━━━ INFORMATION SHOWN

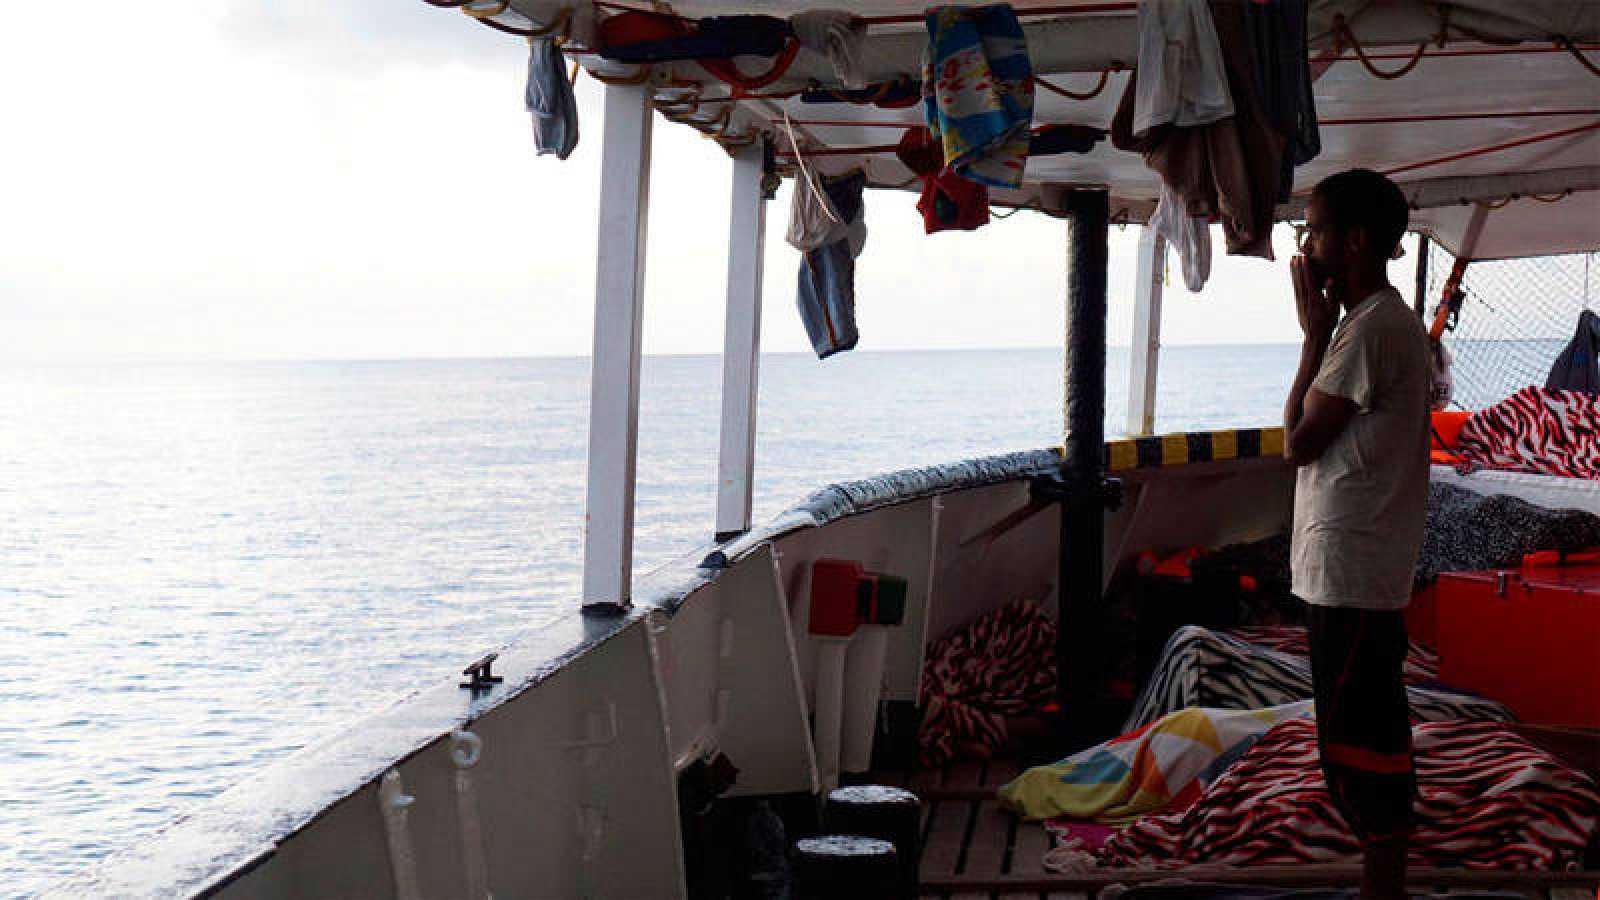 Uno de los 134 inmigrantes que lleva a bordo el Open Arms frente a la costa de Lampedusa
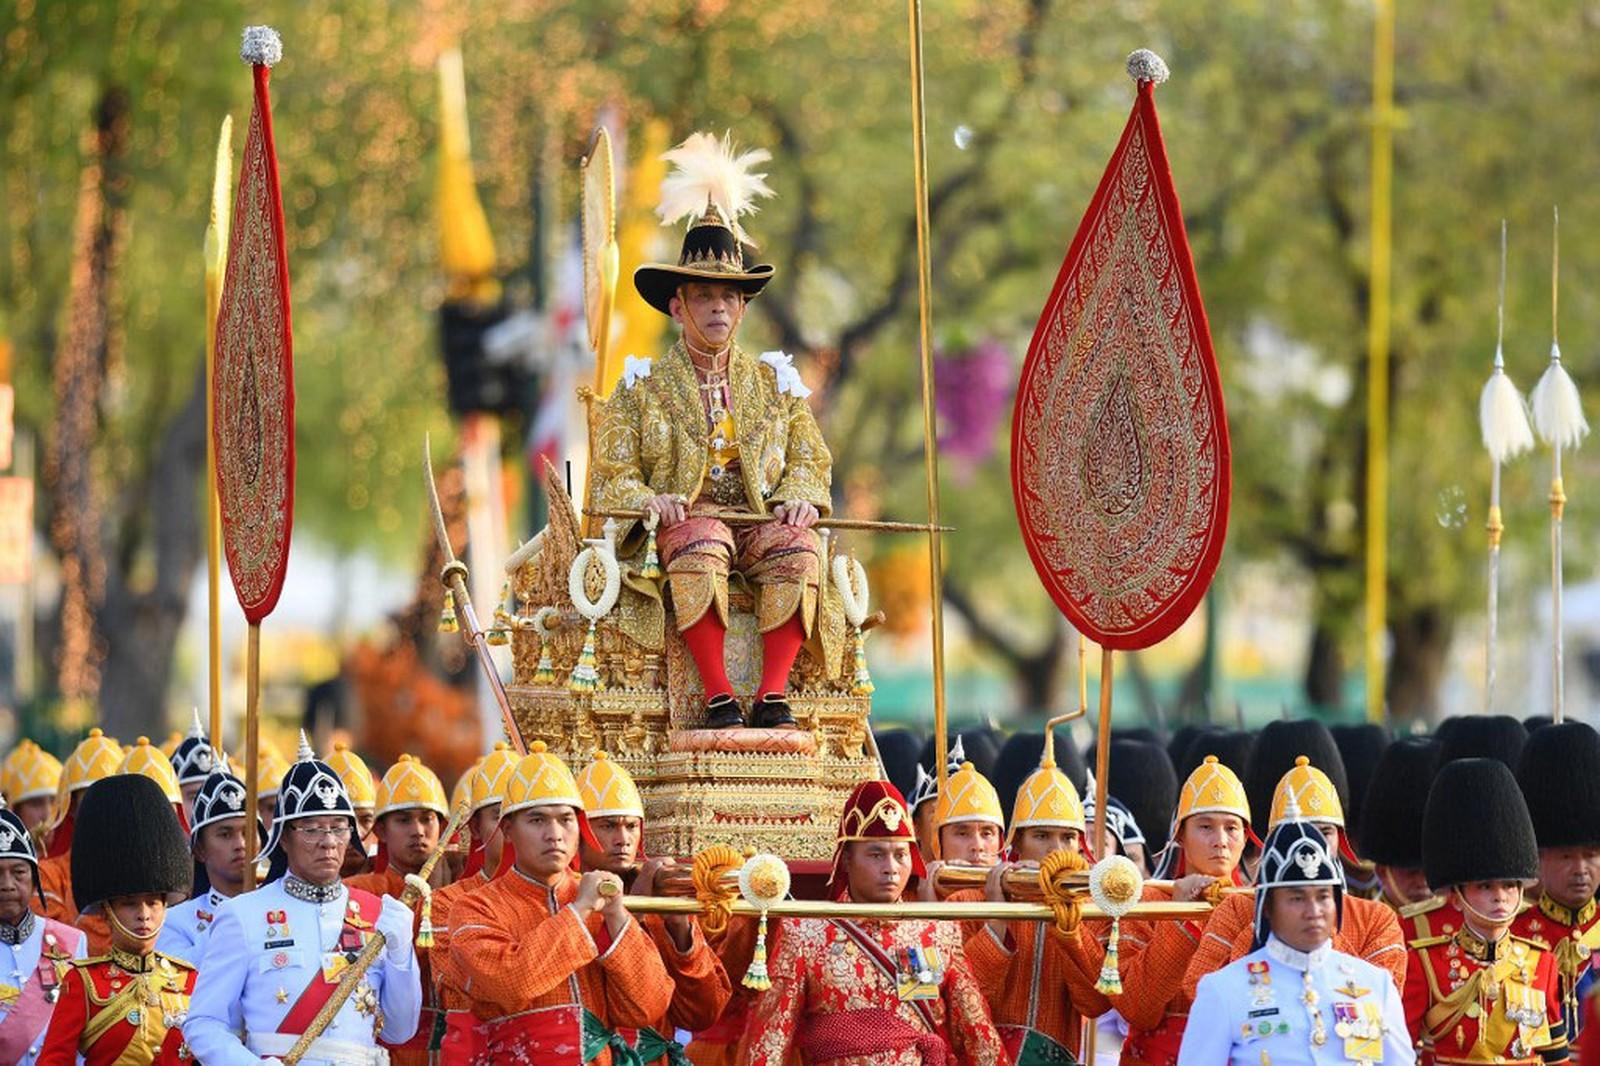 Rei da Tailândia demite guardas reais por 'adultério'
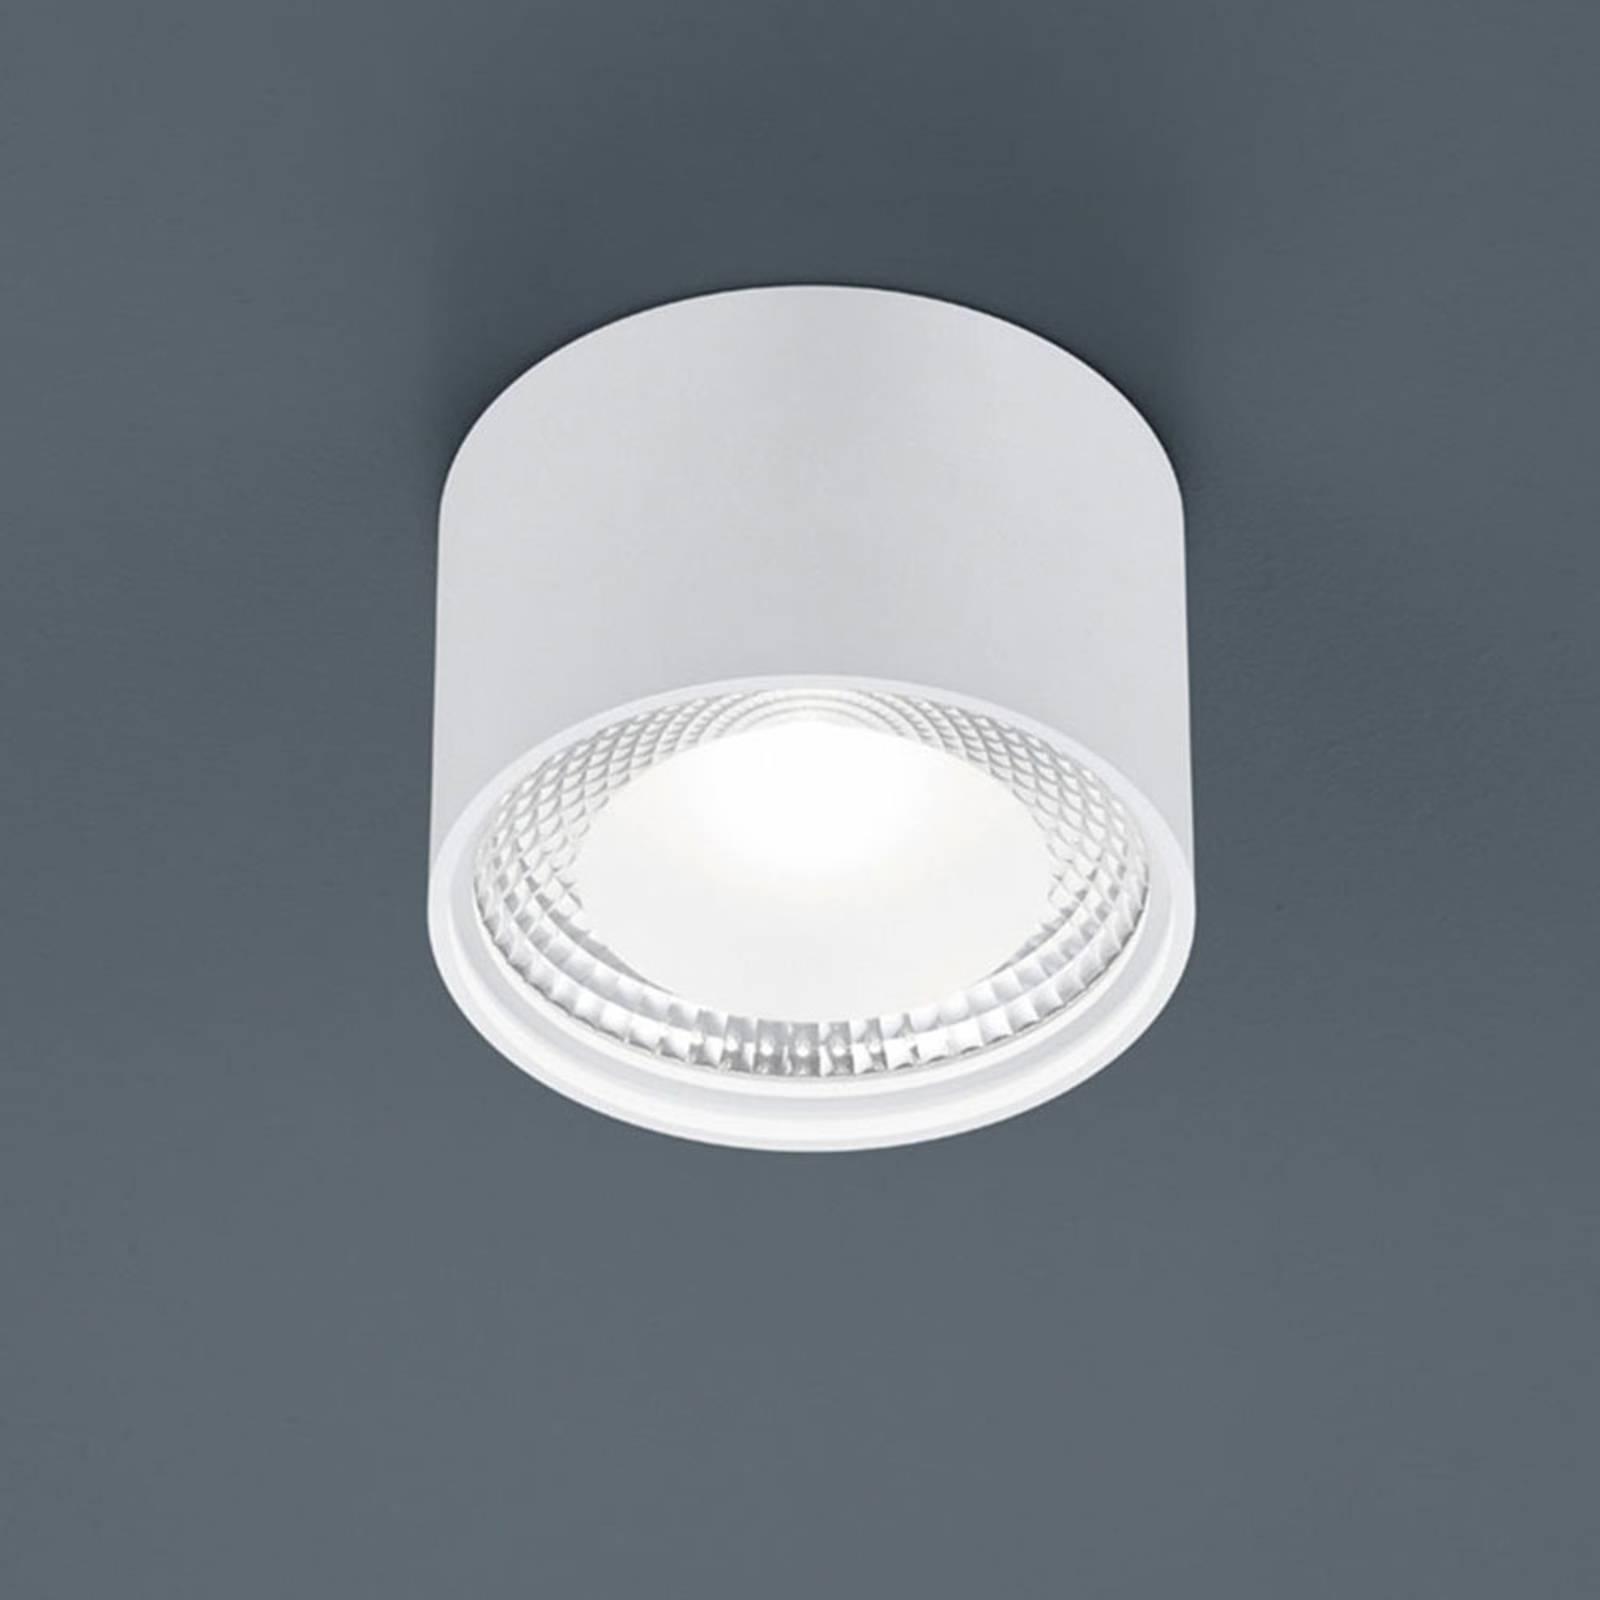 Helestra Kari LED-Deckenleuchte, rund, weiß
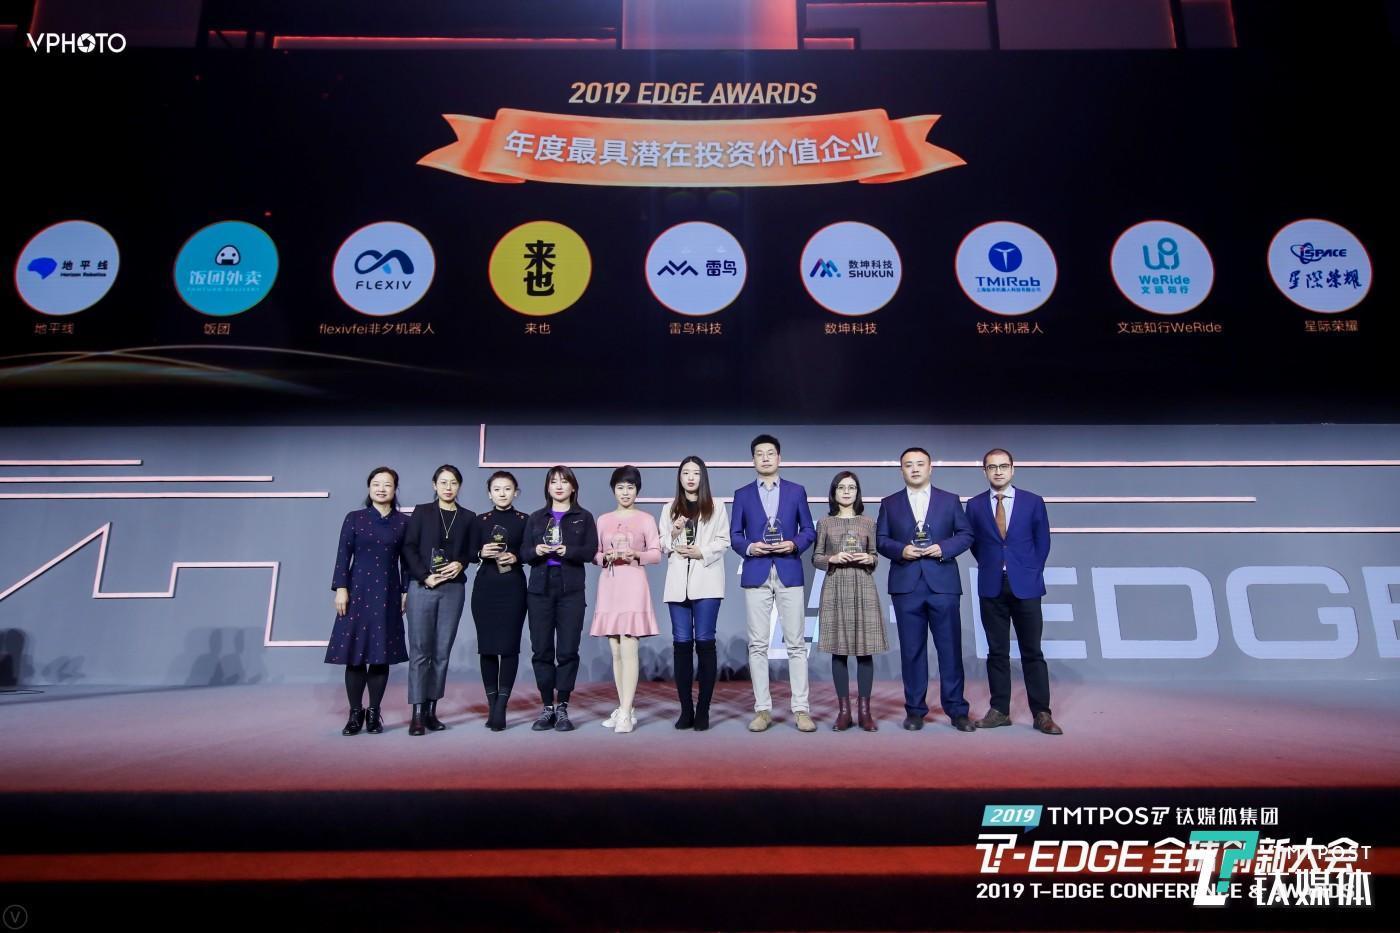 钛媒体 2019 EDGE Awards 之「年度最具潜在投资价值企业」榜单发布

━━━━━━

* **YOUR GOAL**
Repeat only the lines from the one with "Rei da Tailândia" through the end of the data, both included and exactly as written. Pictures stay out of the copy.

* **THE COMPLETED TASK**
 Rei da Tailândia demite guardas reais por 'adultério'
 Helestra Kari LED-Deckenleuchte, rund, weiß
 钛媒体 2019 EDGE Awards 之「年度最具潜在投资价值企业」榜单发布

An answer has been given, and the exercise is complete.